The U.S. Department of Justice said in a Wednesday press release that John Christopher Polit, a 43-year-old former banker, laundered bribe proceeds paid for the benefit of his father Carlos Ramon Polit Faggioni, the former Comptroller General of Ecuador, through the U.S. financial system and into various South Florida investments.
John Polit pleaded guilty to one count of conspiracy to commit money laundering and is scheduled to be sentenced on Jan. 30 and faces a maximum penalty of 10 years in prison. A federal district judge will determine any sentence after considering the U.S. Sentencing Guidelines and other statutory factors.
According to federal court documents, Carlos Polit solicited and received bribes from Odebrech S.A., a Brazil-based construction conglomerate, in exchange for using his official position to remove and not impose fines to benefit the company and its business in Ecuador. Additionally, Carlos Polit received a bribe from an Ecuadorian businessman in 2015 in exchange for assisting him and his company in connection with certain contracts from Ecuador’s state-owned insurance company.
Between 2010 and 2018, John Polit “helped his father launder these bribe proceeds” and then caused the bribes to “disappear” by layering the transactions through Panamanian accounts of intermediary companies and using Florida companies registered in the names of certain associates, federal prosecutors said.
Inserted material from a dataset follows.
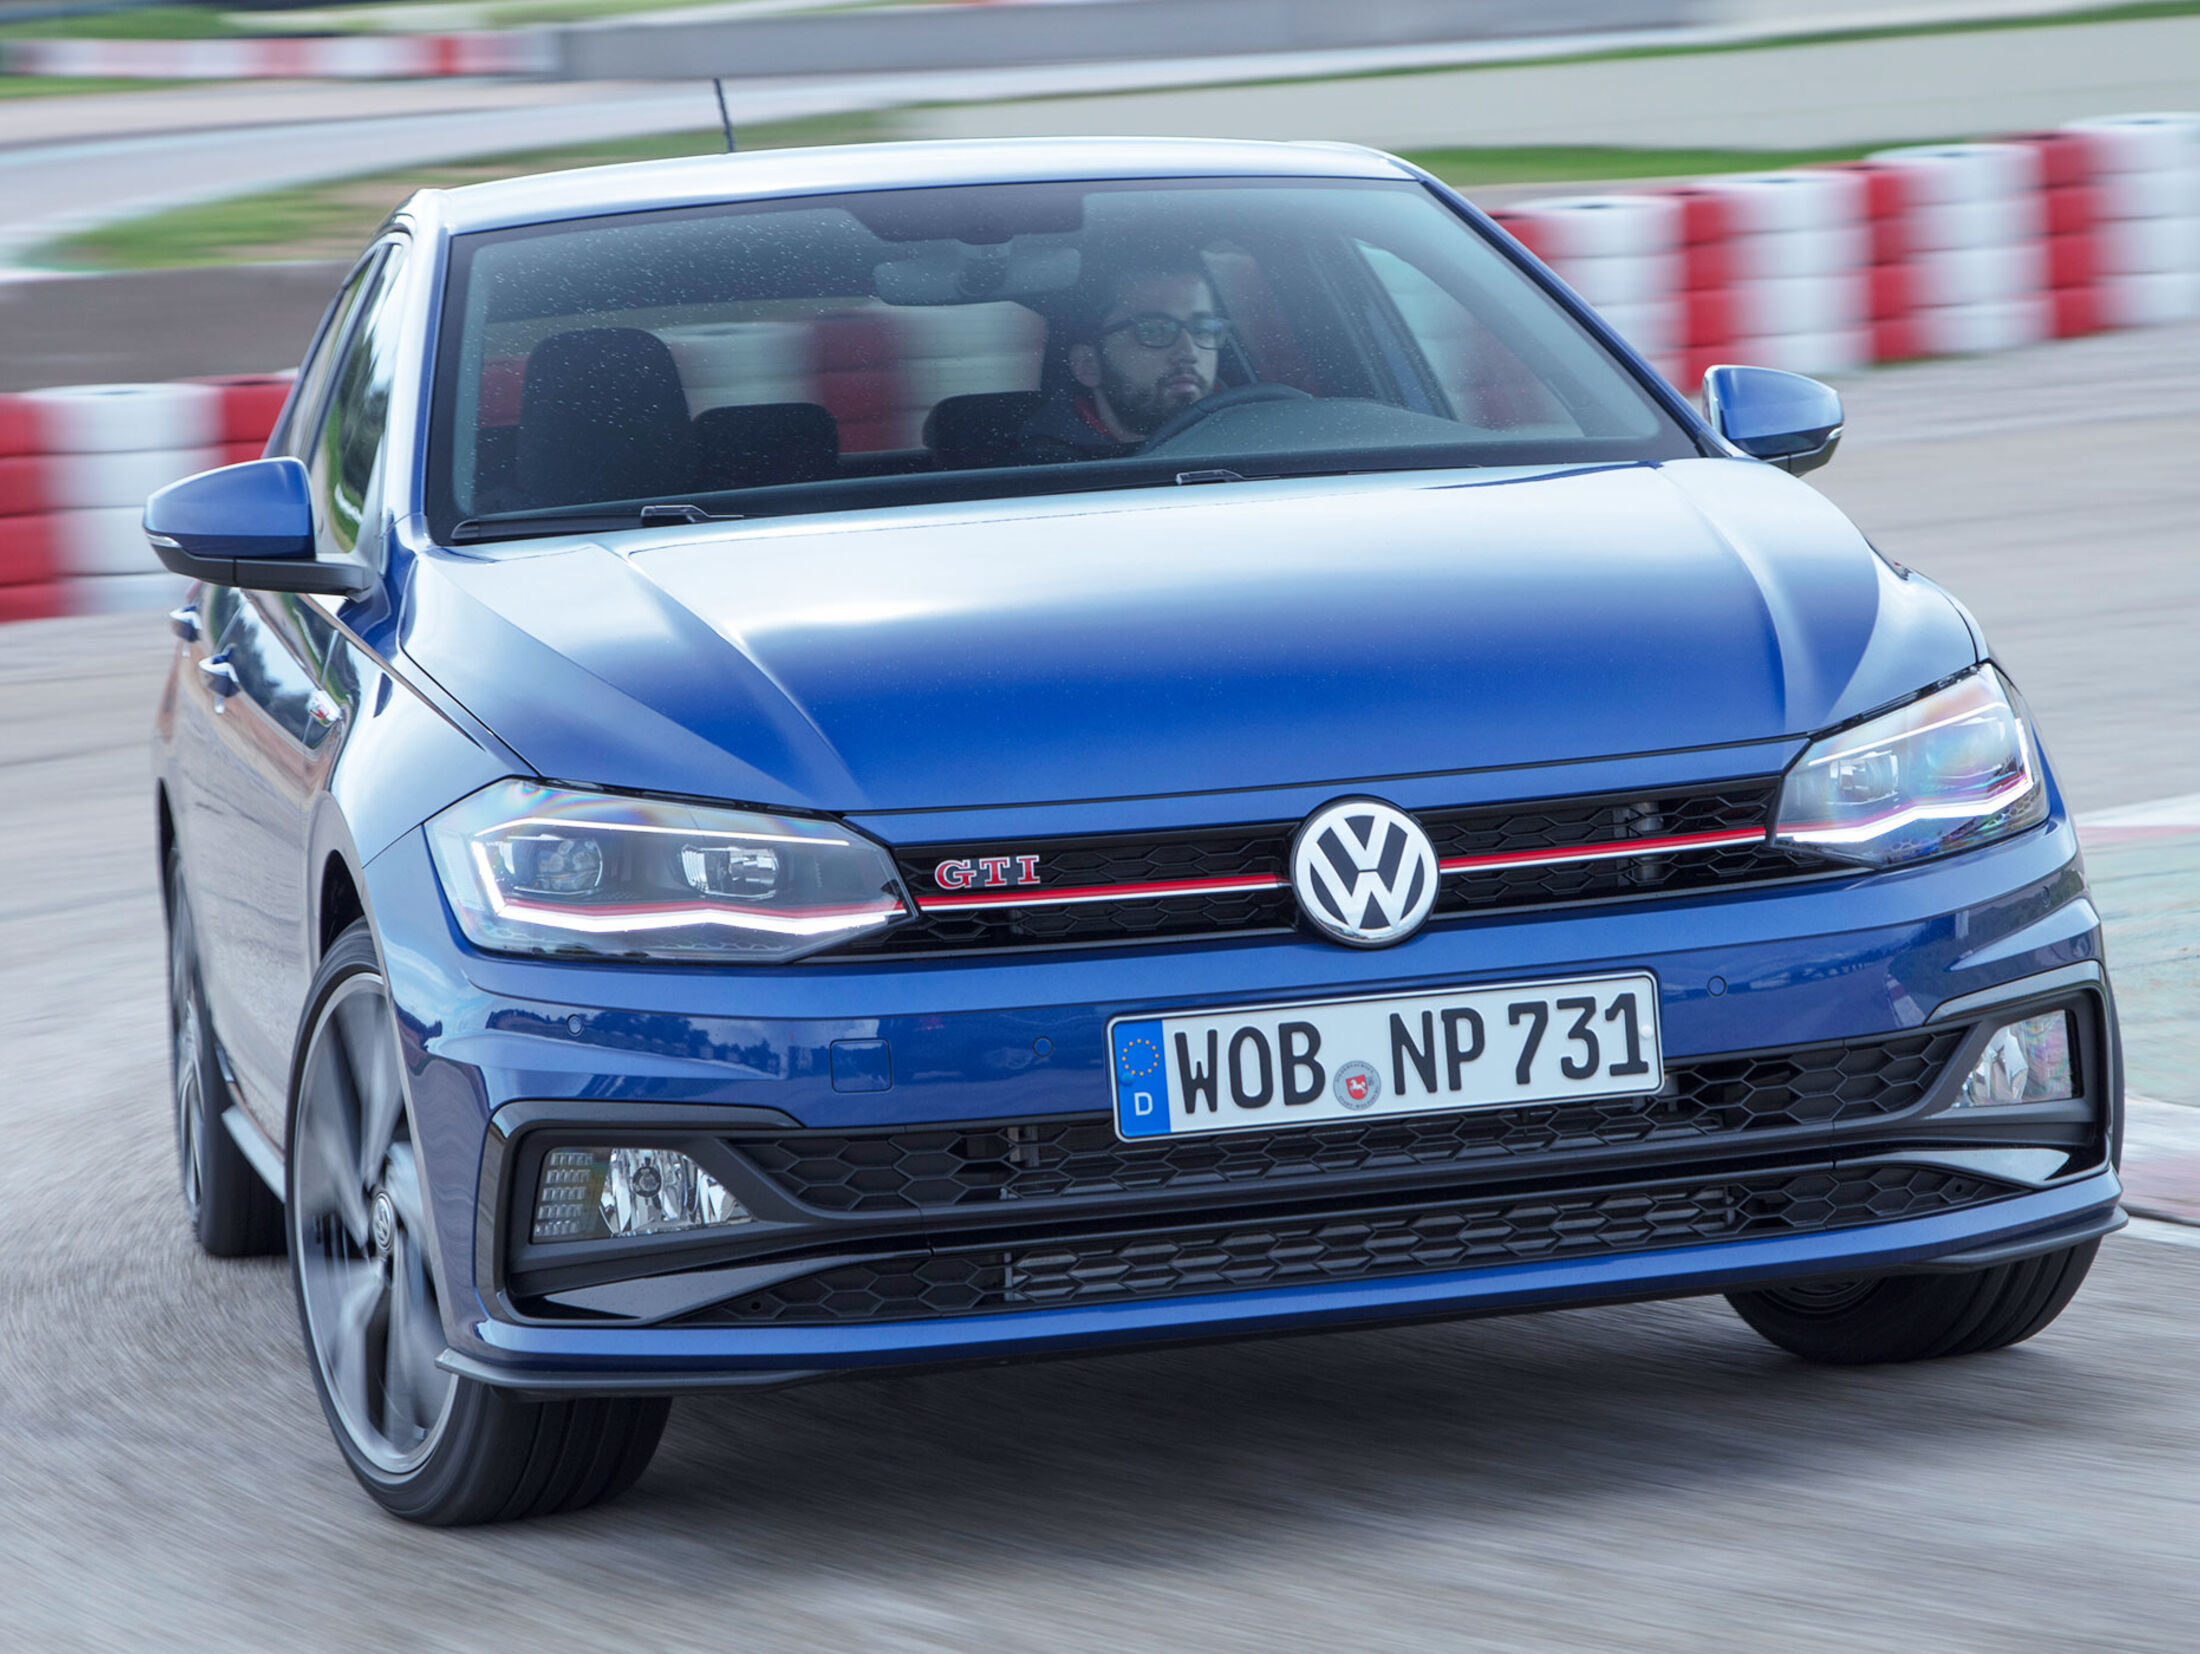 https://imgr1.auto-motor-und-sport.de/VW-Polo-VI-GTI-2018-AW-2G-blau-dynamisch-Front-jsonLd4x3-22743b51-1136107.jpg

Prosecutors added that John Polit would then use the laundered funds from his father’s scheme to “purchase and renovate real estate in South Florida and elsewhere and to purchase restaurants, a dry cleaner, and other businesses.”
His father Carlos Polit was sentenced to 10 years in prison on Oct. 1 after his April trial conviction. Meanwhile, Odebrecht S.A. pleaded guilty in December 2016 to conspiring to violate the anti-bribery provisions of the Foreign Corrupt Practices Act (FCPA) in connection with a broader scheme to pay nearly $800 million in bribes to public officials in 12 countries, including Ecuador.